A new type of drug that releases the immune system against tumors has been remarkably successful, but only for certain cancer patients. Researchers have found a genetic signature in lung tumors that seems to predict if this immunotherapy drug will work and who will benefit most.

Tumor cells can hide from the immune system by activating a receptor called PD-1 on the surface of immune cells called T cells Instead of attacking tumor cells, T cells leave alone. The new drug is an antibody that inhibits PD-1 blocking this "checkpoint" and release the T cells to remove tumor cells. In clinical trials, PD-1 blockers and other checkpoint inhibitors have prolonged the lives of patients with several types of cancer for years, much longer than conventional treatments. The US Food and Drug Administration has approved several of these drugs for melanoma and one of them, nivolumab, became the first to win approval for lung cancer last week. But the checkpoint inhibitors only work for some people inhibitors-PD-1 shrink tumors in about 20% to 30% of patients and lung cancer researchers are scrambling to figure out why.

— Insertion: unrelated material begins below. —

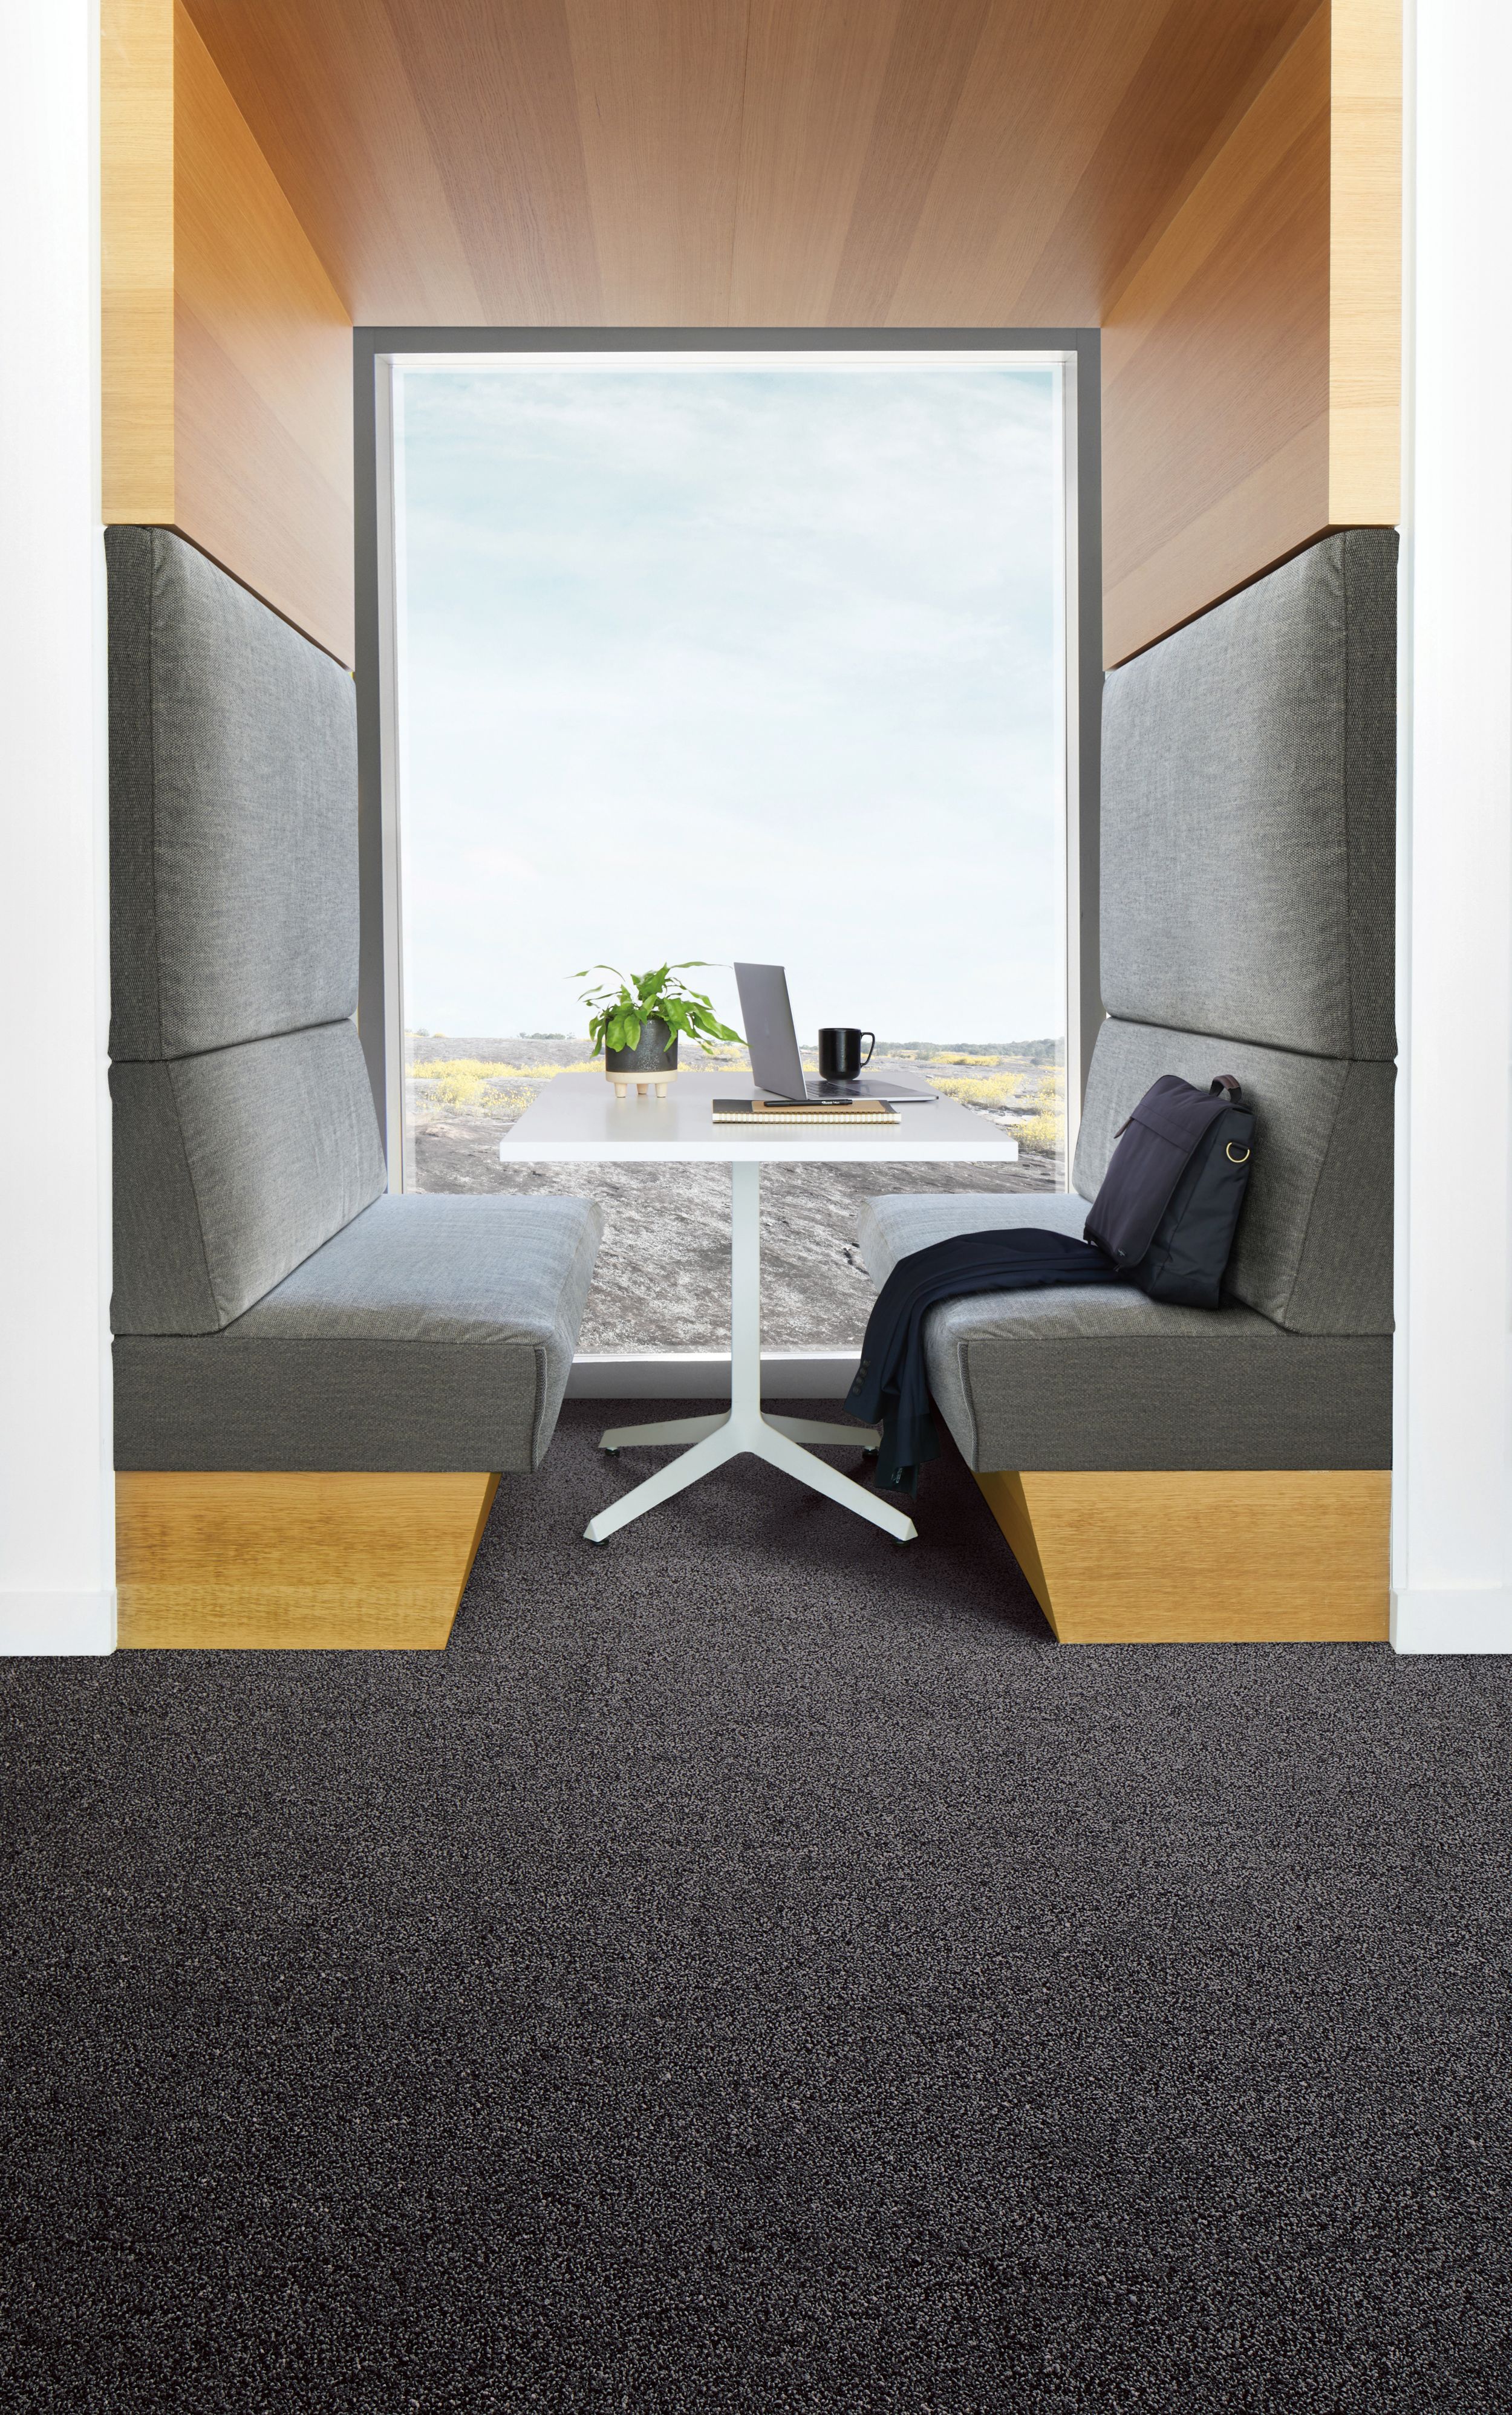 Interface Rockland Road plank carpet tile in booth numéro d’image 1

One hypothesis is that the checkpoint inhibitors are more likely to work on tumors with more mutations. These mutations are not necessarily those that allow tumor cells to divide uncontrollably or spread to other locations; instead, they can simply encode abnormal proteins that do nothing to the cancer cell. But they can importance for immunotherapies because aberrant molecules may act as foreign-antigens molecules in the body that trigger an immune response. The more mutations in the tumor of a patient, most of these so-called neoantigens and therefore a stronger T cell response in patients taking a checkpoint inhibitor, the thinking goes.

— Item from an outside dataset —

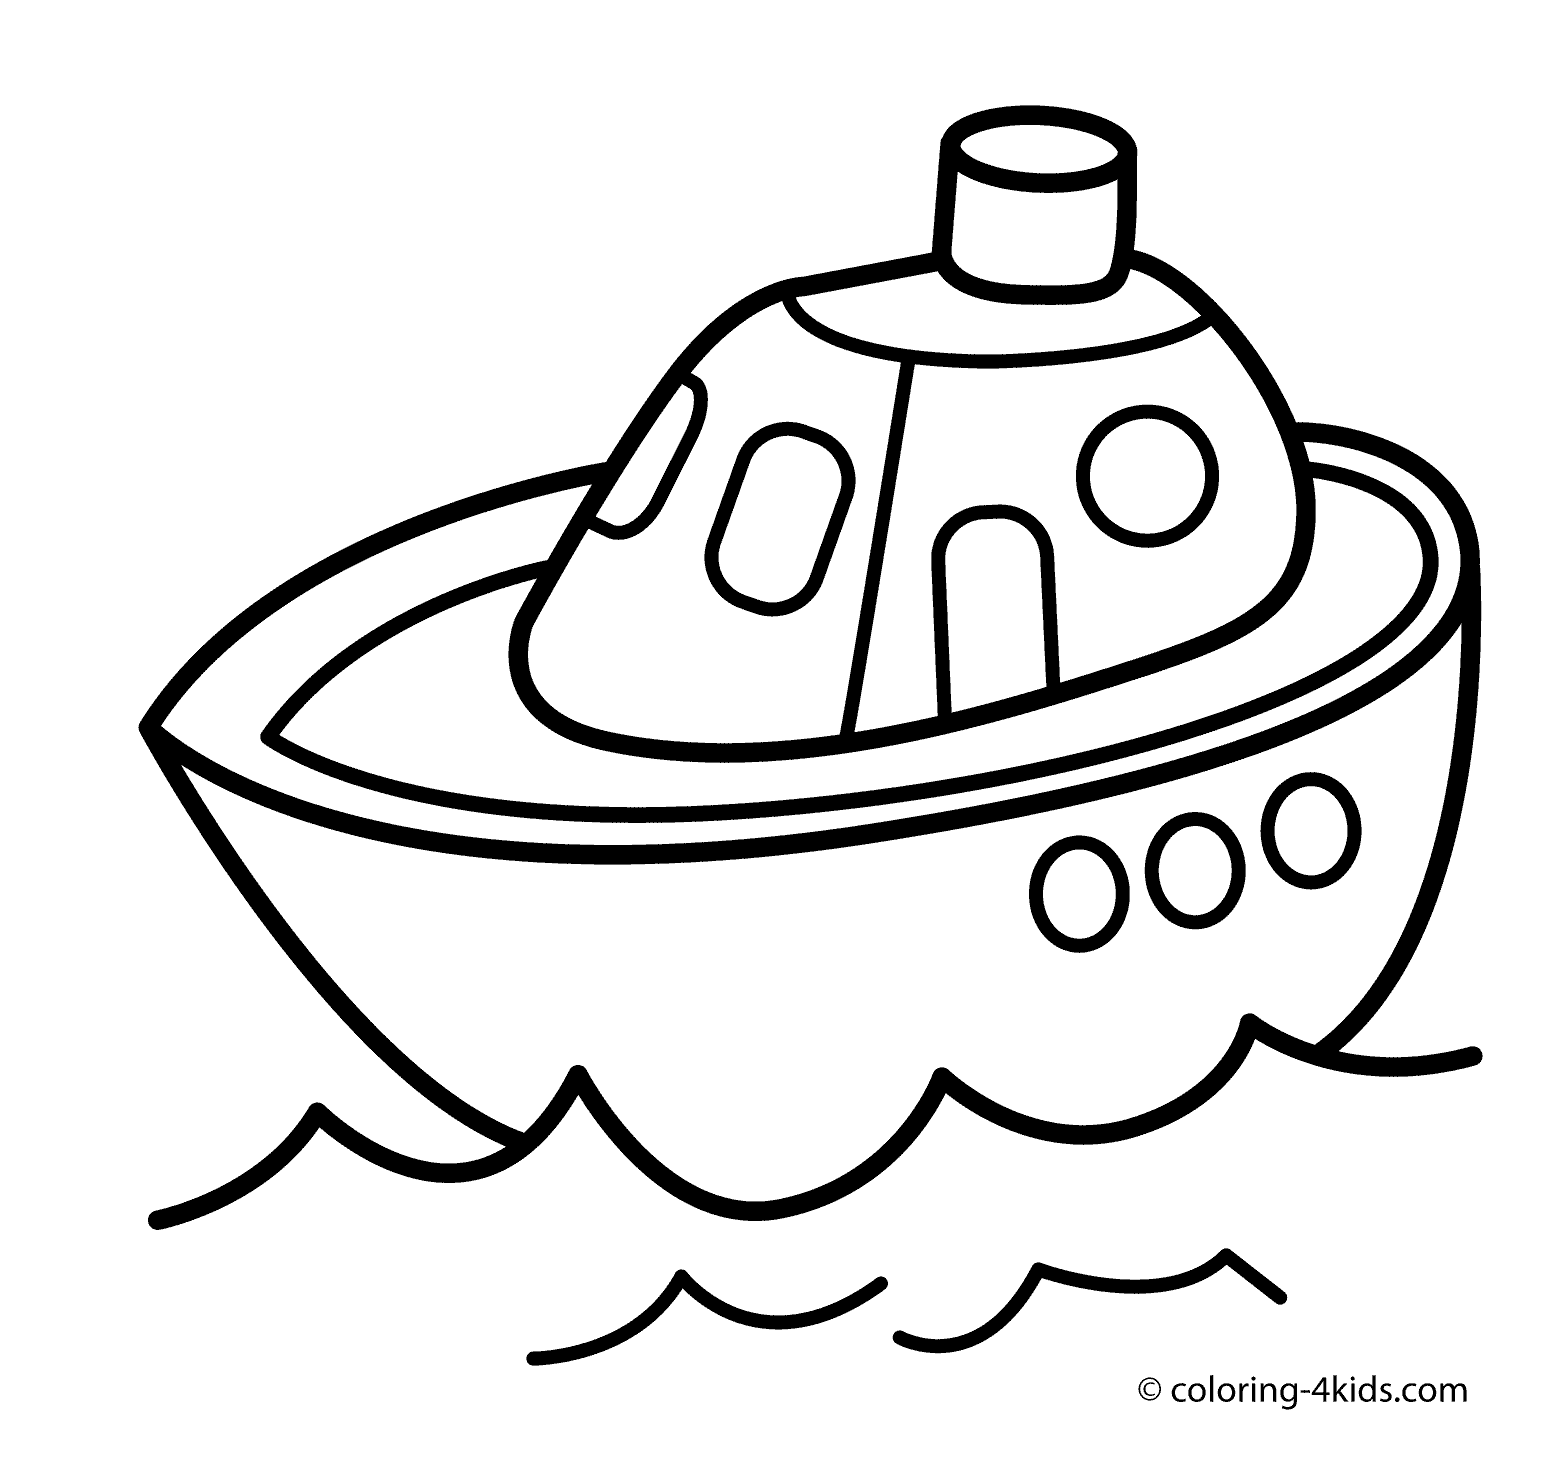 Transportation Coloring Pages For Toddlers Transportation Coloring ...

Recent studies support this view. the melanoma patients with more mutations in their tumors neoantigen encoding, for example, were more likely to respond to a checkpoint inhibitor which blocks a protein called CTLA-4.

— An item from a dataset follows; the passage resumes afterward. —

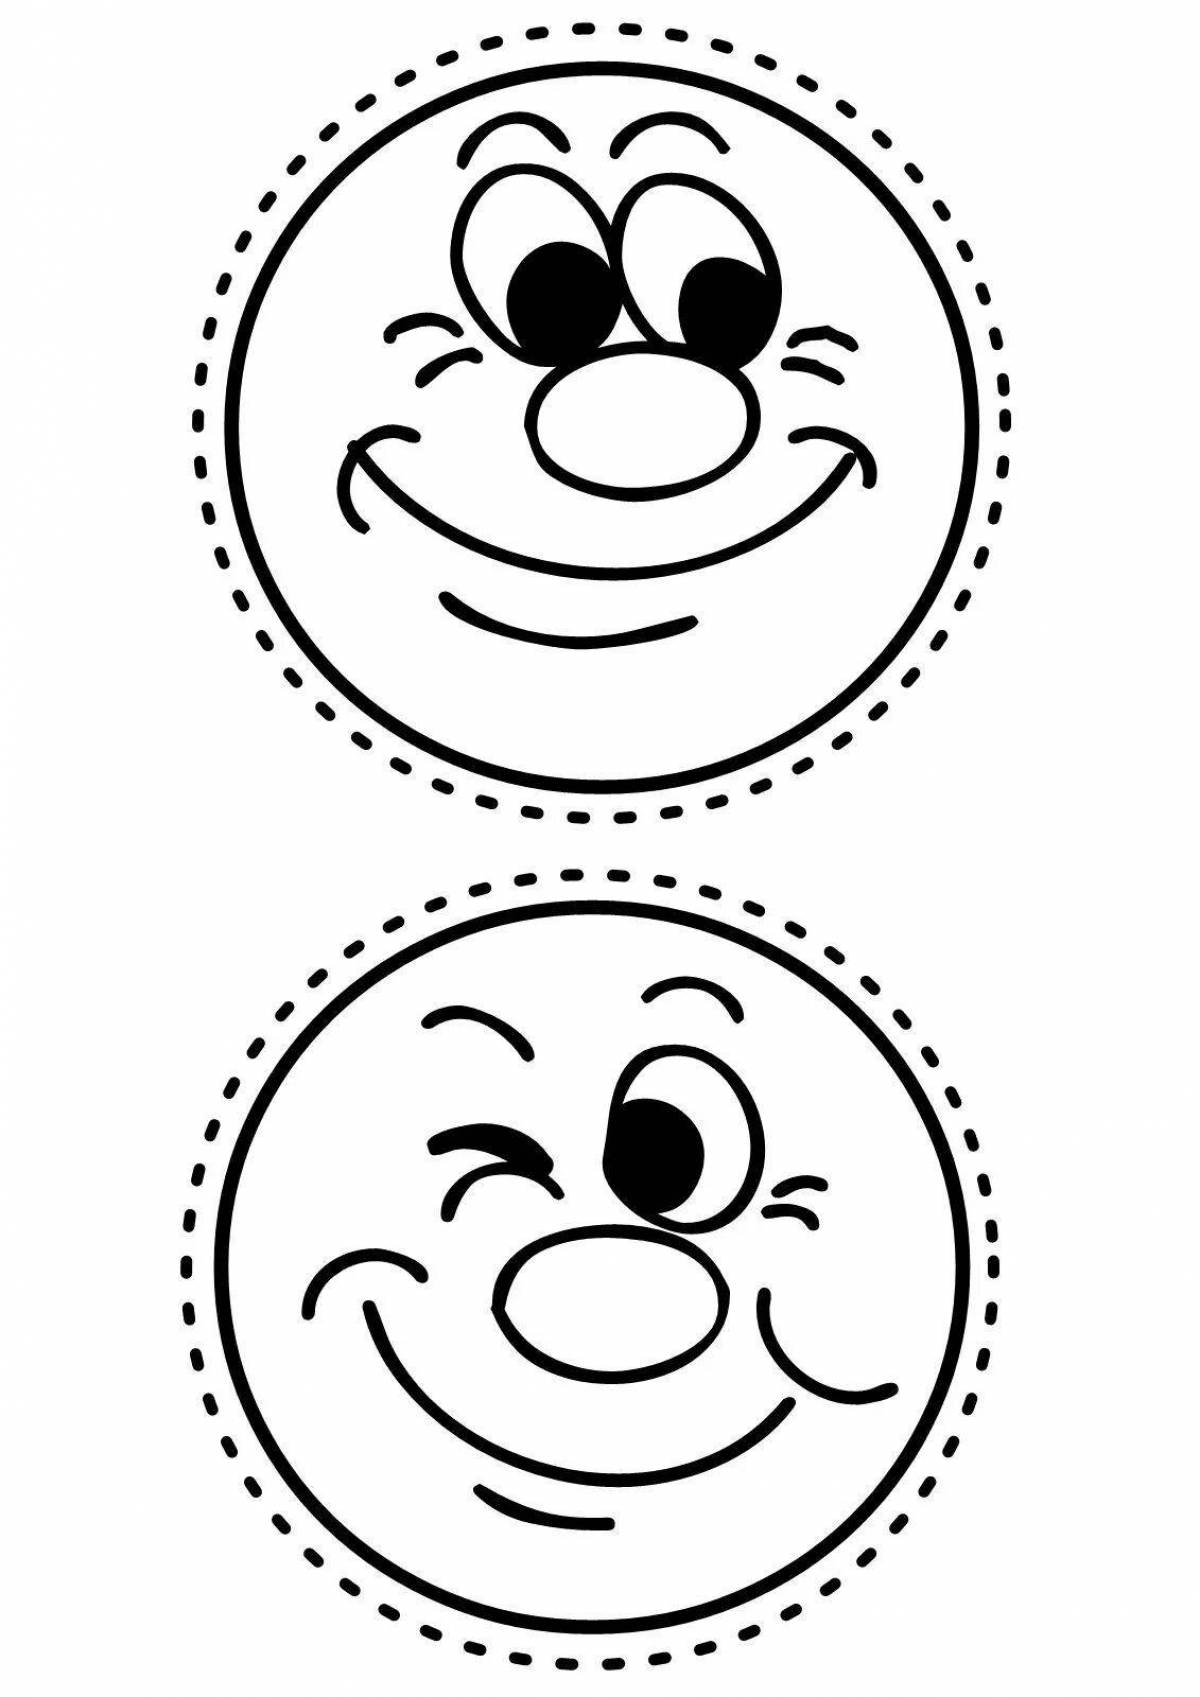 Coloring funny smiley face for kids

Now the same seems true for lung cancer. Timothy Chan of Memorial Sloan Kettering Cancer Center in New York, who led the melanoma study, and his colleagues sequenced the exome-protein-encoding DNA-tumors of 34 people with lung cancer non-small cell that had been treated with a PD-1 inhibitor called pembrolizumab. They found that patients were more likely to respond to the drug if the tumor was more the type of mutation which leads to a modified protein. For example, 13 of 18 (72%) patients with at least 178 mutations responded for 6 months or more, compared with one of 13 (8%) of those with fewer mutations. In addition, cancer patients 16 lung that had a distinctive pattern of mutations caused by smoking were more likely to respond that the alleged non-smokers, who had less, different mutations, the group of Chan reports online aujourd 'hui in Science .

the correlation between mutations and therapeutic response to drugs against cancer is "eye-popping" says cancer researcher Drew Pardoll Johns University School Hopkins of Medicine in Baltimore, Maryland, which does was not involved in the study but has worked with the group of Chan. "It is a very important result." Although the results do not necessarily mean that all non-smokers do not respond to PD-1 blockers, DNA sequencing of tumor biopsies could help oncologists decide which drug to give first, he and Chan say. and he suggests that these drugs may work on other smoking-related cancers, such as esophageal cancer and head and neck, Chan added.

the researchers are also studying the possibility of giving patients a personalized vaccine made from neoantigens in their tumor to enhance their response to a checkpoint inhibitor. "I think the potential is huge," said Roy Herbst, a cancer researcher lung at Yale University.